Gone Baby Gone was a more insular, reflective piece of thriller cinema, permitting Affleck an opportunity to build as a filmmaker without the crushing weight of a bloated budget or media expectations to distract from the business at hand. The Town however, moves Affleck a considerable distance up the industry ladder, as the film assumes a more commercial batting stance, exploring a blistered blue-collar community of broken dreams and criminal fortitude, with the primary goal of the picture grounded in more customary pieces of excitement. These include numerous shoot-outs, car chases, explosions, and tough guy communication. However, The Town is not just a formula crime thriller, instead it’s an outstanding work, moulded into something a great deal more substantial in Afflecks capable hands.

Special attention is paid to the brooding neighbourhood of Charleston. Employing his knowledge of the area, Affleck instills The Town with local customs and heated attitudes, making the whole film feel terrifically alert and lived-in. Theres an ominous quality that permeates the frame, emerging from an awareness of the surroundings, with Affleck eschewing glossy locations to turn his Massachusetts backyard into a claustrophobic war zone, urging Doug to reconsider his vocation once the serenity of Claire enters his life. The Town holds to that tightly, keeping the area’s personality alive through vivid locations and characterisations, with dialogue often tearing into incomprehensible vernacular befitting this rough criminal brotherhood, underlining the uneasy bond between Doug and James.

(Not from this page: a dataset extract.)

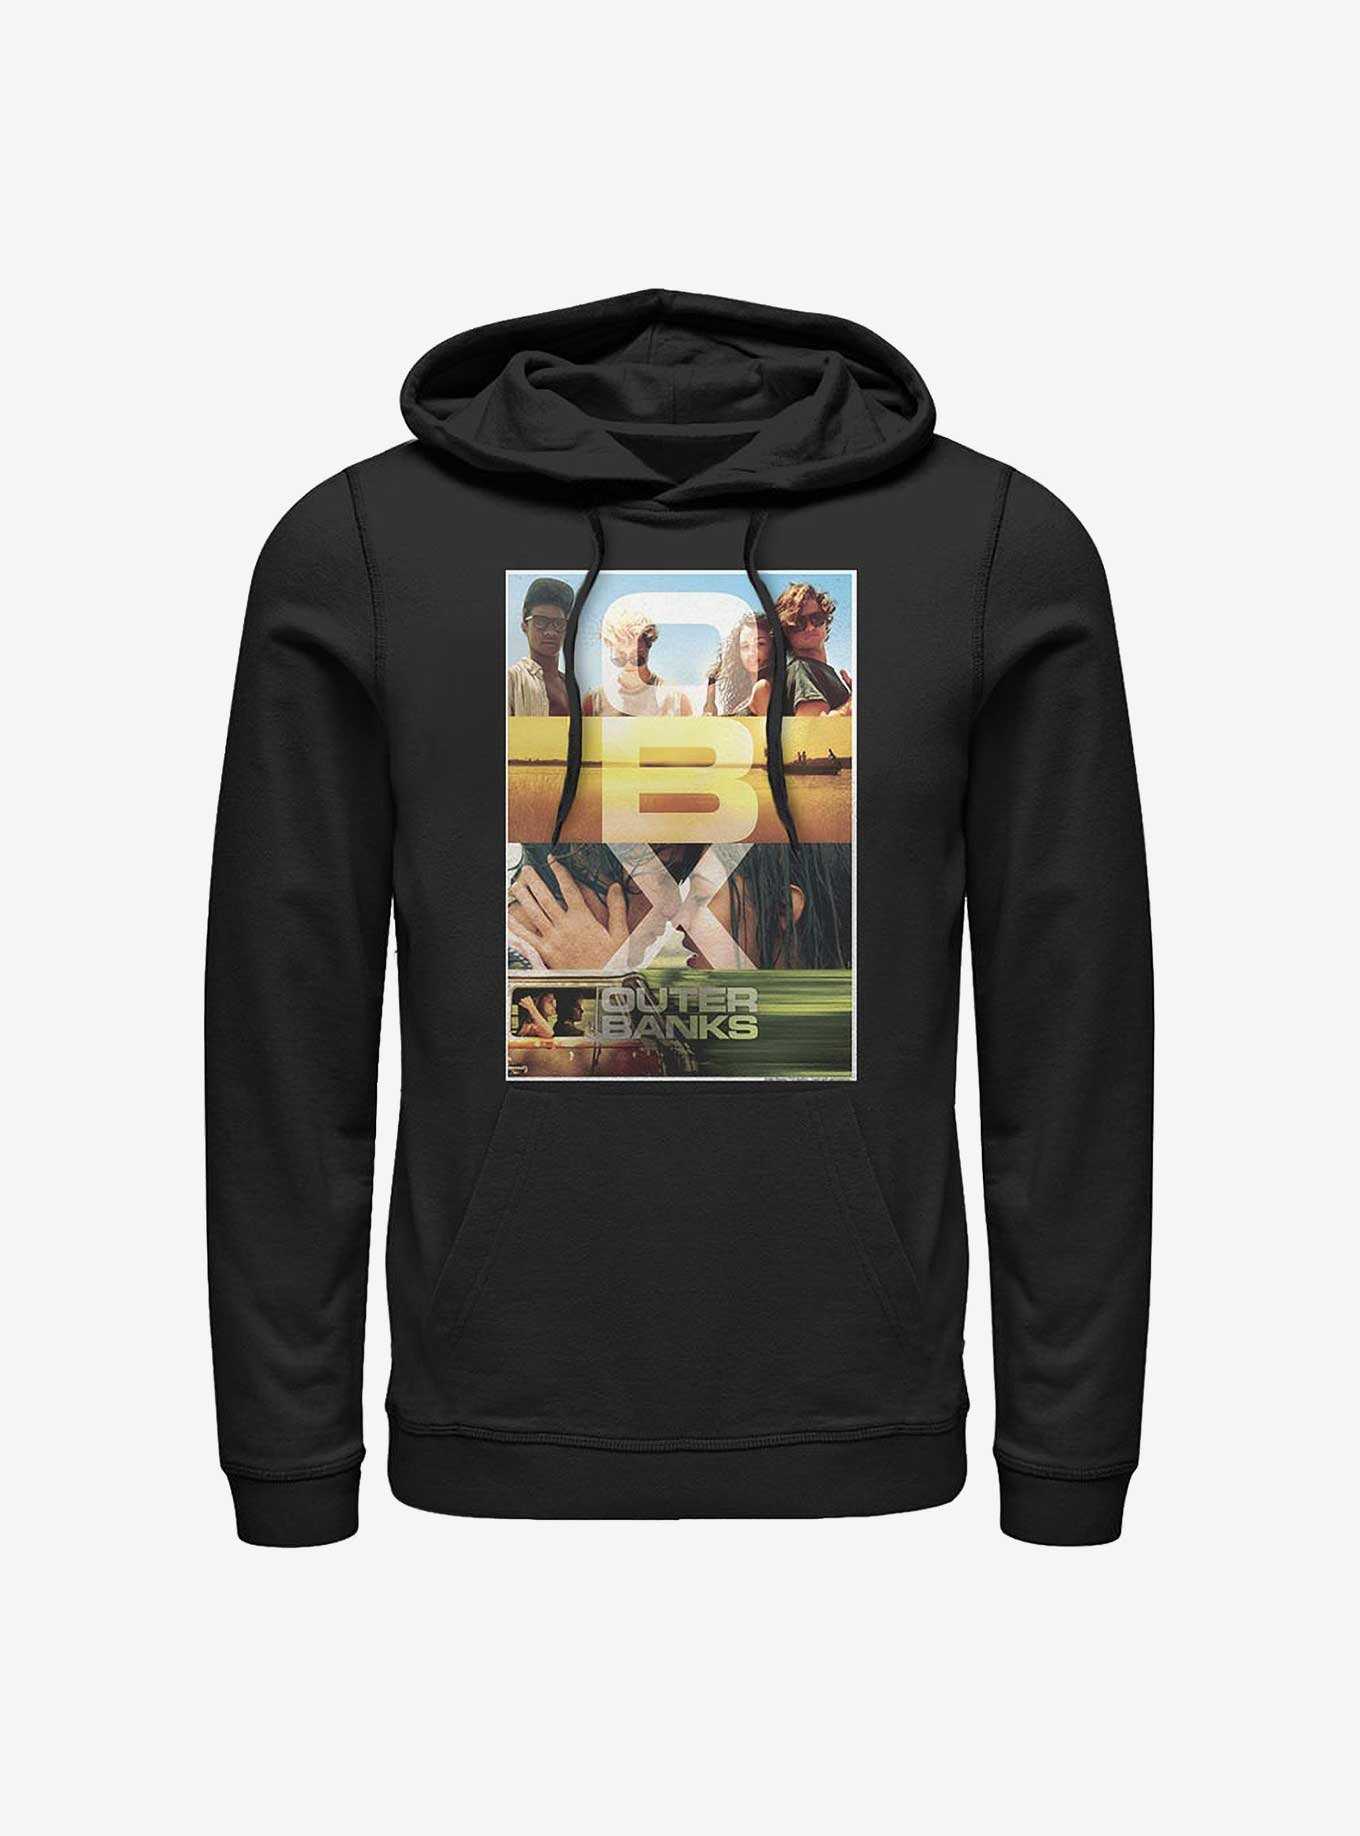 Outer Banks OBX Poster Hoodie, , hi-res
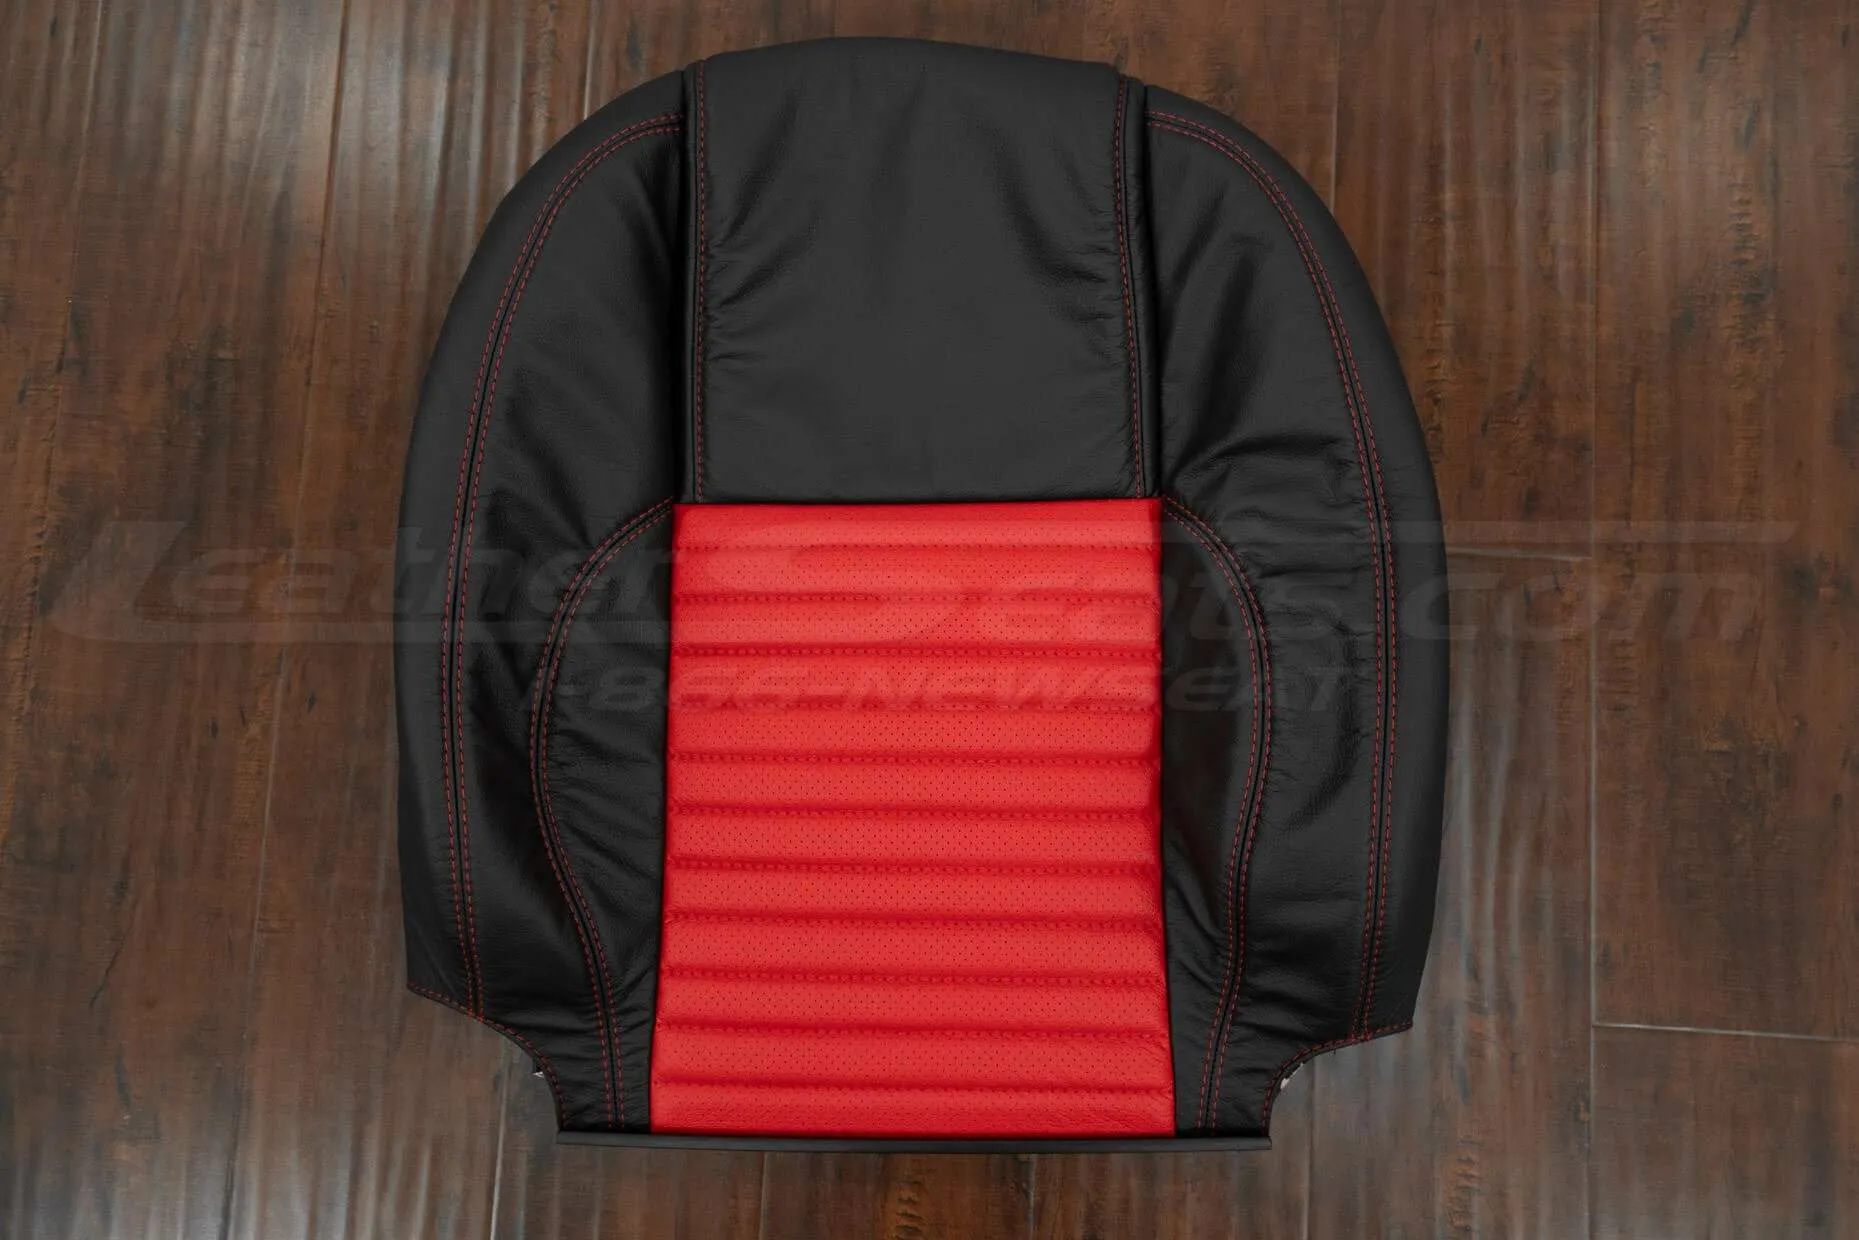 Two-Tone leather front backrest upholstery in Black & Bright Red

While neatly arranged with hostile acts of robbery (the boys wear ghoulish disguises and attack with heavy weaponry to add a nightmarish dimension to the sequences) and feverish law enforcement intervention (Hamm is highly effective as the government bloodhound), The Town slows down to survey the emotional disturbance at hand. Affleck himself is marvellous with his actors, permitting elements of tentative endearment and threat to create havoc in Dougs once deceptively simple life of crime. Its a measured and quite masterly helming job that makes the most of the top ensemble, with Affleck the director supporting Affleck the actor with a horde of expressive faces, creating a glorious effect for the lead character.

The Town saves the big bang for the finale, where Doug and the gang are ordered to rob the Cathedral of Boston, complicating the crooks life to a point of implosion. Its a breathtaking, rattling closing sequence, littered with spent bullet casings and bodies, concluding the picture with a dynamite show of force, barrelling through the beating heart of the city.

The Town is a menacing, gripping triumph from Ben Affleck, who finds a precise tone between introspection and extermination to launch a brutal tale of abortive destiny. Its a turbulent story explored with a steady hand, launching Affleck to the upper echelon of American filmmaking talent.